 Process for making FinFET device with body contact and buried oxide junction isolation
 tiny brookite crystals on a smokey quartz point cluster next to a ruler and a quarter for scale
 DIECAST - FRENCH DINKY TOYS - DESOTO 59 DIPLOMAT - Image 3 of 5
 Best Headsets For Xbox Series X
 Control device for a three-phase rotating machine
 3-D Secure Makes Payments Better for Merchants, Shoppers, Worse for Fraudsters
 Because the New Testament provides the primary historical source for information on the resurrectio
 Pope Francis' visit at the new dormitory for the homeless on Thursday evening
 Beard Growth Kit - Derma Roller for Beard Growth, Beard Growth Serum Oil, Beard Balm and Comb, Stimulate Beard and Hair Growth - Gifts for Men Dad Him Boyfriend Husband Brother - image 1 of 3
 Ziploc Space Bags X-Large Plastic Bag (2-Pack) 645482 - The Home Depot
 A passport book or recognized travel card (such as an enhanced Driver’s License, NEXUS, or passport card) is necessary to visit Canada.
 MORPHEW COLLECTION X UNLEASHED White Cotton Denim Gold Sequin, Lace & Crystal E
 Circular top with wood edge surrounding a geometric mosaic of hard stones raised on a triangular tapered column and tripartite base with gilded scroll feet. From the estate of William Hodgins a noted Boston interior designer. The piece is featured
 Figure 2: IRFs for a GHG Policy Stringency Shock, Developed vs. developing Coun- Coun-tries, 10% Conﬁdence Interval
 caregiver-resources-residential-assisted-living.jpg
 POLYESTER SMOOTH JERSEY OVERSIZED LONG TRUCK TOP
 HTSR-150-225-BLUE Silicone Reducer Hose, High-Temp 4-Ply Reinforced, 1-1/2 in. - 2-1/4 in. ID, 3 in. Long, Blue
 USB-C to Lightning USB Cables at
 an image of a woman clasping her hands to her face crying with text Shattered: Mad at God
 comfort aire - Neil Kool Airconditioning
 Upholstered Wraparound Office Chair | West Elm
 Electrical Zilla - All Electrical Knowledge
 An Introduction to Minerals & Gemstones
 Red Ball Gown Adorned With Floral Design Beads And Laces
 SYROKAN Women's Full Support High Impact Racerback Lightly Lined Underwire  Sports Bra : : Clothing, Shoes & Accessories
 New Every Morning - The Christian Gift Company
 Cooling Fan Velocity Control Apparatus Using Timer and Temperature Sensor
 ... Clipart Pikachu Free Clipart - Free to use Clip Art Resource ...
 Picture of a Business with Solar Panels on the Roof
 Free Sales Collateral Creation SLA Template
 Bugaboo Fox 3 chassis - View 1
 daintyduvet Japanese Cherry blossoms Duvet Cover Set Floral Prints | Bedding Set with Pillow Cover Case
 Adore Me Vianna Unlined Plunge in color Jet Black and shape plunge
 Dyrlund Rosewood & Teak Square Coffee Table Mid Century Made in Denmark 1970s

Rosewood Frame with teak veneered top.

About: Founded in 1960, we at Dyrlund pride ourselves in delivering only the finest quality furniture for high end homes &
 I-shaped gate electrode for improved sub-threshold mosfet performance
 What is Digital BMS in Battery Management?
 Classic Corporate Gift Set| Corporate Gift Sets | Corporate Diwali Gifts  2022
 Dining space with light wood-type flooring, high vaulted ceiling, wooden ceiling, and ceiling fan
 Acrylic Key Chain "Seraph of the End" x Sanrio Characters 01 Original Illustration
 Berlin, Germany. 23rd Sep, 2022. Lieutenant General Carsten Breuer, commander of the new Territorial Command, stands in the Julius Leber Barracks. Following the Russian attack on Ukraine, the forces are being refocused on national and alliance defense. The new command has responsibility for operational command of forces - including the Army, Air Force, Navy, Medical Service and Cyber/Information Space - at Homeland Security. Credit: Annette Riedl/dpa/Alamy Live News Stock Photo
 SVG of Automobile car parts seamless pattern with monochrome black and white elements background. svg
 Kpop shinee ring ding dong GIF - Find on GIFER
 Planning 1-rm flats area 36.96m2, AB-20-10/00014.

───

Task requirements. Print, exactly and only, the lines running from the one with "Dining space with" to the end of the data above.

Result.
 Dining space with light wood-type flooring, high vaulted ceiling, wooden ceiling, and ceiling fan
 Acrylic Key Chain "Seraph of the End" x Sanrio Characters 01 Original Illustration
 Berlin, Germany. 23rd Sep, 2022. Lieutenant General Carsten Breuer, commander of the new Territorial Command, stands in the Julius Leber Barracks. Following the Russian attack on Ukraine, the forces are being refocused on national and alliance defense. The new command has responsibility for operational command of forces - including the Army, Air Force, Navy, Medical Service and Cyber/Information Space - at Homeland Security. Credit: Annette Riedl/dpa/Alamy Live News Stock Photo
 SVG of Automobile car parts seamless pattern with monochrome black and white elements background. svg
 Kpop shinee ring ding dong GIF - Find on GIFER
 Planning 1-rm flats area 36.96m2, AB-20-10/00014.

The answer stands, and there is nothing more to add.